◆ WORK REQUEST:
Below are several entries. Transcribe exactly those lines that fall from the one with "Scarpe da - Ginnastica" through the one with "Ремень для йоги FA-103, синий", end lines included.

◆ RECORD SET:
#####
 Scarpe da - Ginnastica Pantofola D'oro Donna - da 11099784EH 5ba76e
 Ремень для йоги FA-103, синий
#####
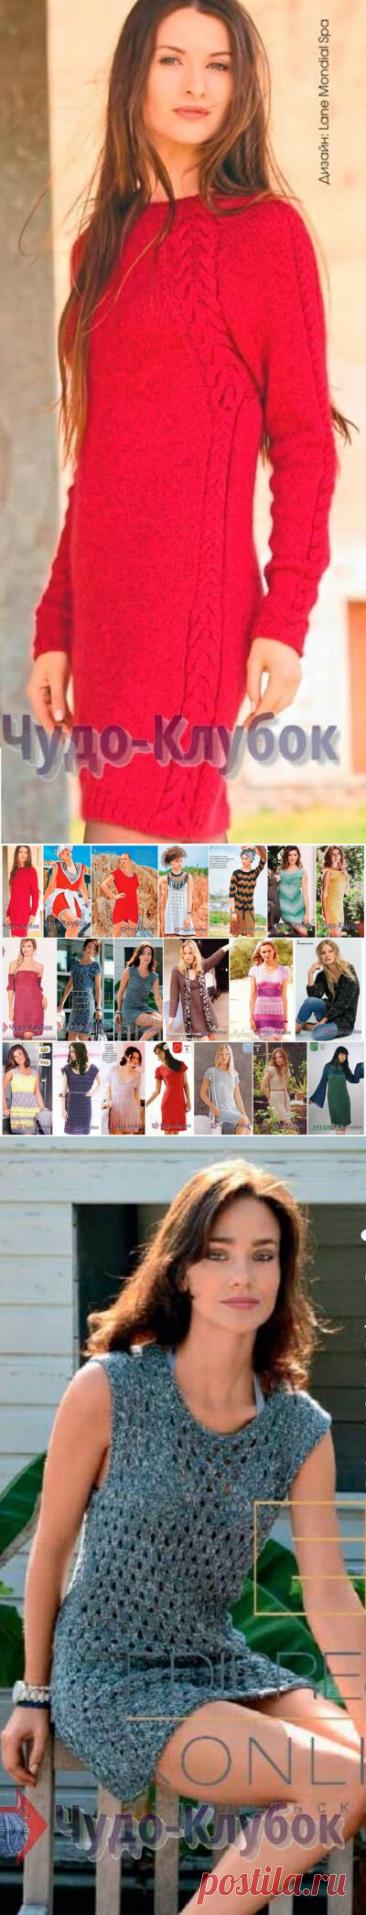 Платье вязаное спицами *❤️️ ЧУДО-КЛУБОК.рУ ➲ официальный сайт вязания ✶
#####
◆ COMPLETED TASK:
 Scarpe da - Ginnastica Pantofola D'oro Donna - da 11099784EH 5ba76e
 Ремень для йоги FA-103, синий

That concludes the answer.